GitHub - yocra3/NetActivityTrain: Nextflow pipeline to train models for NetActivity (original) (raw)

Introduction

NetActivityTrain is a bioinformatics pipeline to encode gene expression measurements into gene set activity scores. NetActivityTrain uses sparsely connected autoencoders to perform the encoding.

The pipeline is built using Nextflow, a workflow tool to run tasks across multiple compute infrastructures in a very portable manner. It uses Docker/Singularity containers making installation trivial and results highly reproducible.

Functionalities

NetActivityTrain can be used to train a model or to compute the gene set activity scores from a pre-trained model (under development).
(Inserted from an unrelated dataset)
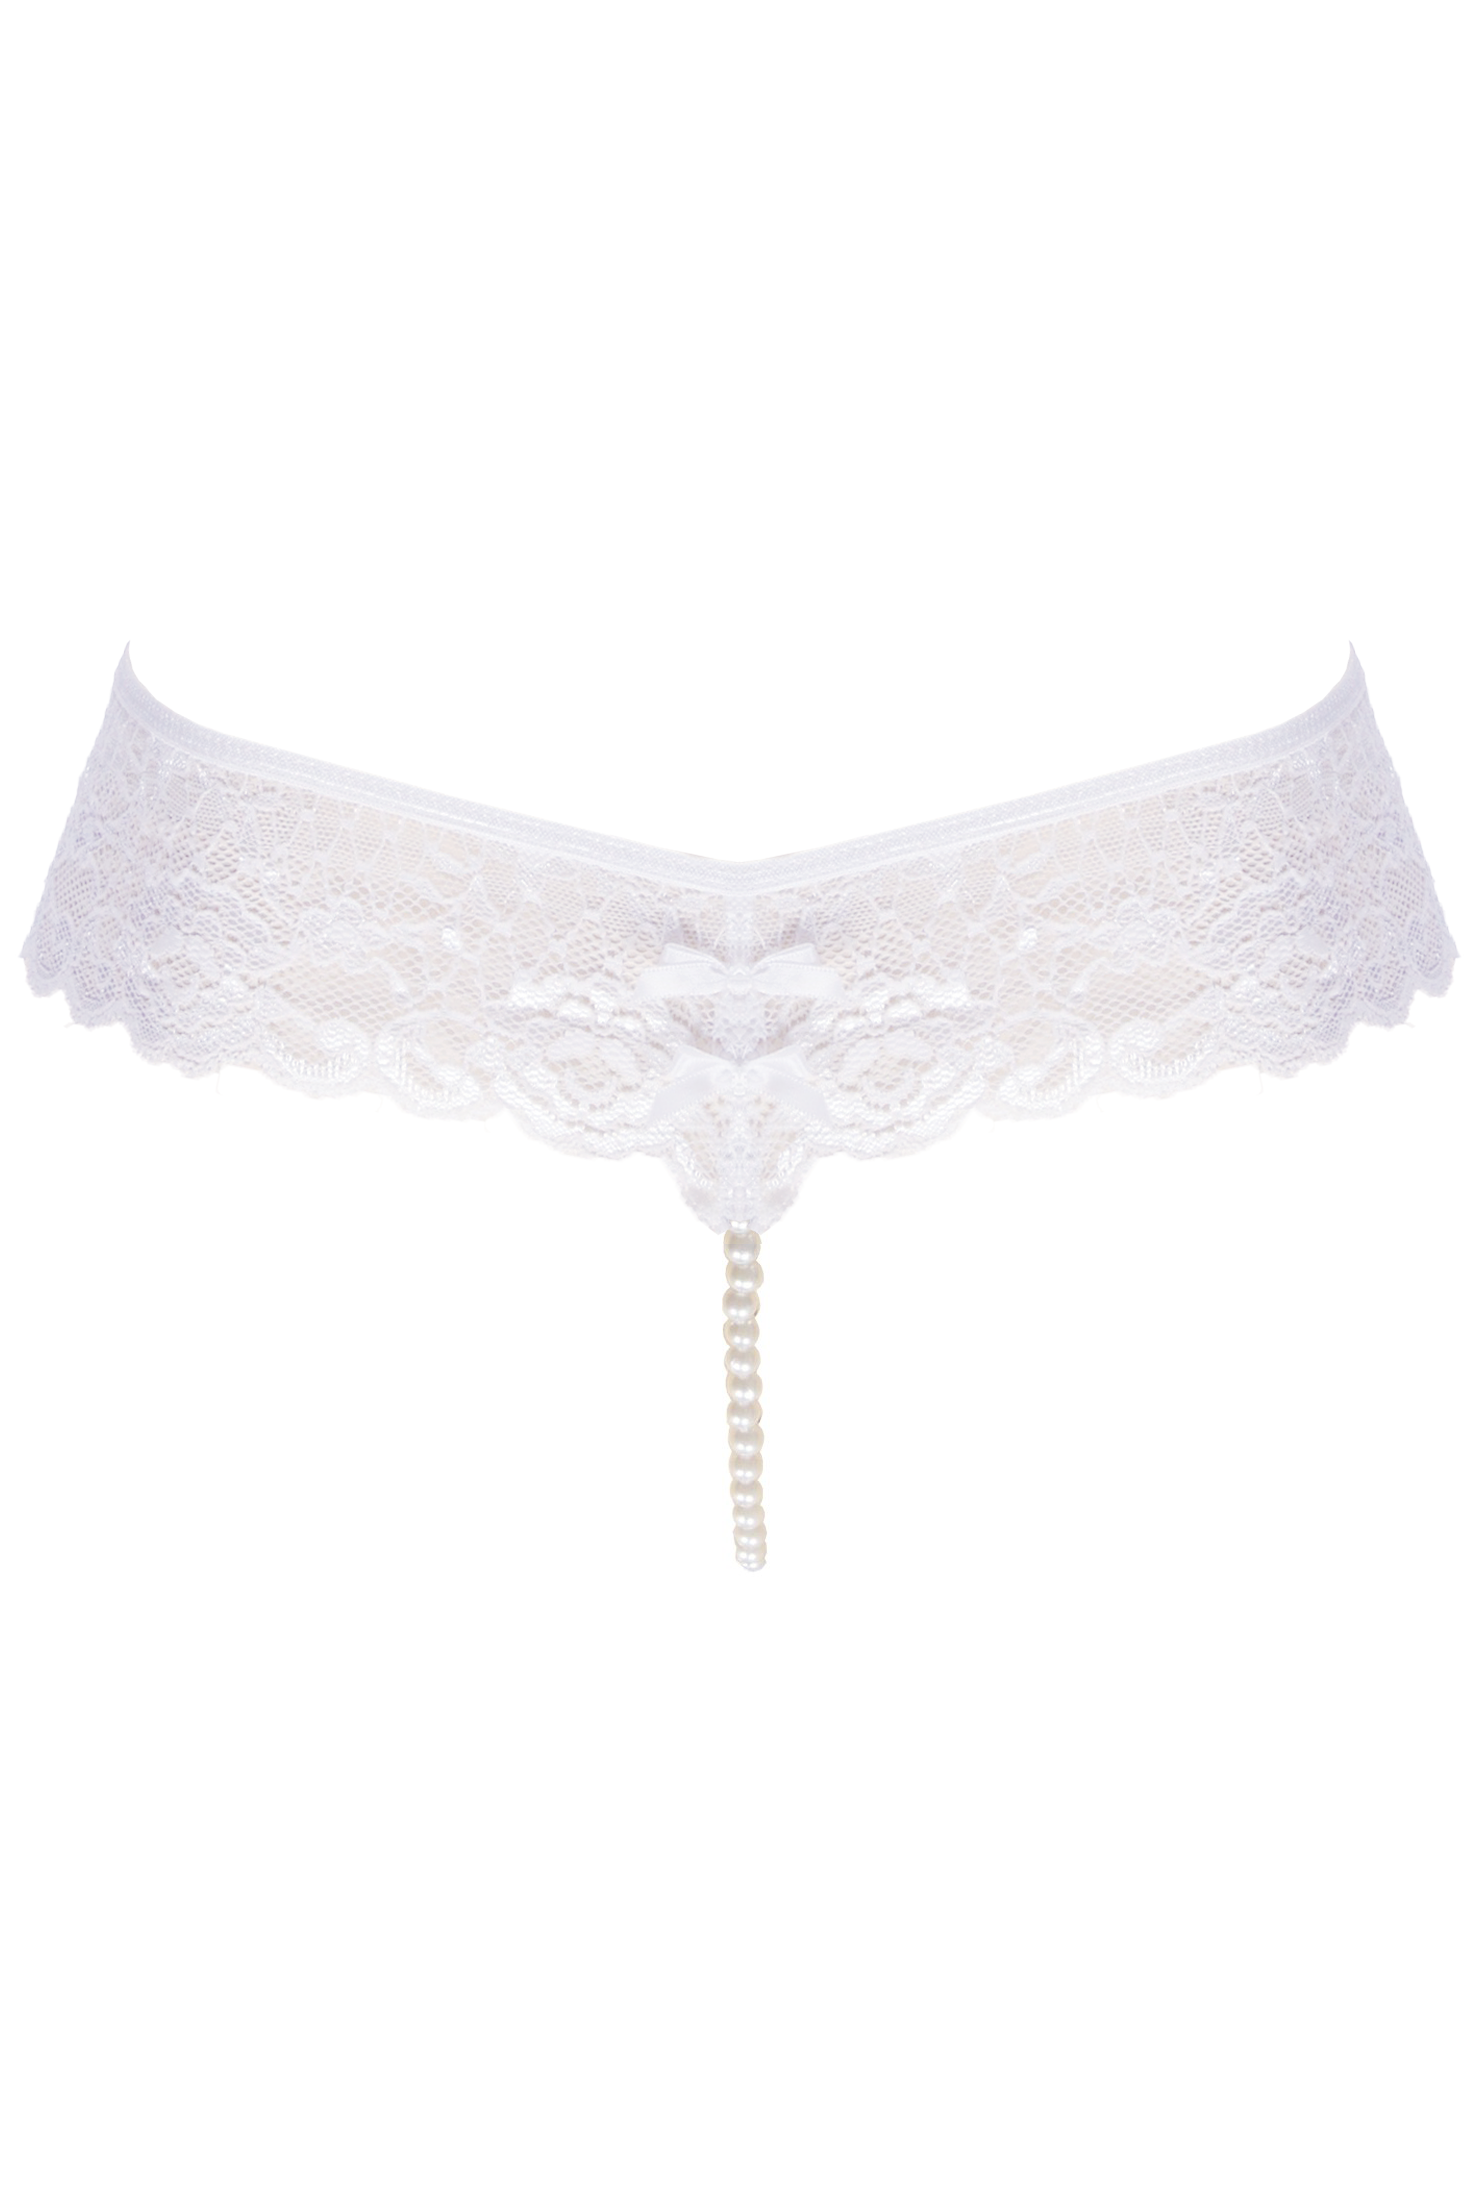 LOVE & LACE WHITE LACE PEARL THONG | Lingerie Letters

The training of a model with NetActivityTrain has the following steps:

  1. Gene expression standardization
  2. Split of input data in training and test datasets
  3. Model training
  4. Model export for use with NetActivity

Quick Start

  1. Install Nextflow (>=22.0.3)
  2. Install any of Docker, Singularity (you can follow this tutorial). See docs)_.
  3. Download the pipeline and test it on a minimal dataset with a single command:
    nextflow run yocra3/NetActivityTrain -profile test,YOURPROFILE --outdir
    Note that some form of configuration will be needed so that Nextflow knows how to fetch the required software. This is usually done in the form of a config profile (YOURPROFILE in the example command above). You can chain multiple config profiles in a comma-separated string.
    • The pipeline comes with config profiles called docker and singularity which instruct the pipeline to use the named tool for software management. For example, -profile test,docker.
    • Please check nf-core/configs to see if a custom config file to run nf-core pipelines already exists for your Institute. If so, you can simply use -profile <institute> in your command. This will enable either docker or singularity and set the appropriate execution settings for your local compute environment.
    • If you are using singularity, please use the nf-core download command to download images first, before running the pipeline. Setting the NXF_SINGULARITY_CACHEDIR or singularity.cacheDir Nextflow options enables you to store and re-use the images from a central location for future pipeline runs.
  4. Start running your own analysis!
    nextflow run yocra3/NetActivityTrain --data_prefix SE_h5 --gene_mask gene_mask.txt --network network.py --network_params params.py --outdir -profile <docker/singularity/podman/shifter/charliecloud/conda/institute>

Documentation

The yocra3/NetActivityTrain pipeline comes with documentation about the pipeline usage, parameters and output.

Credits

yocra3/NetActivityTrain was originally written by @yocra3.

Support

For further information or help, don't hesitate to contact Carlos Ruiz at cruizarenas@unav.es.

Citations

An extensive list of references for the tools used by the pipeline can be found in the CITATIONS.md file.

You can cite the nf-core publication as follows:

The nf-core framework for community-curated bioinformatics pipelines.

Philip Ewels, Alexander Peltzer, Sven Fillinger, Harshil Patel, Johannes Alneberg, Andreas Wilm, Maxime Ulysse Garcia, Paolo Di Tommaso & Sven Nahnsen.

Nat Biotechnol. 2020 Feb 13. doi: 10.1038/s41587-020-0439-x.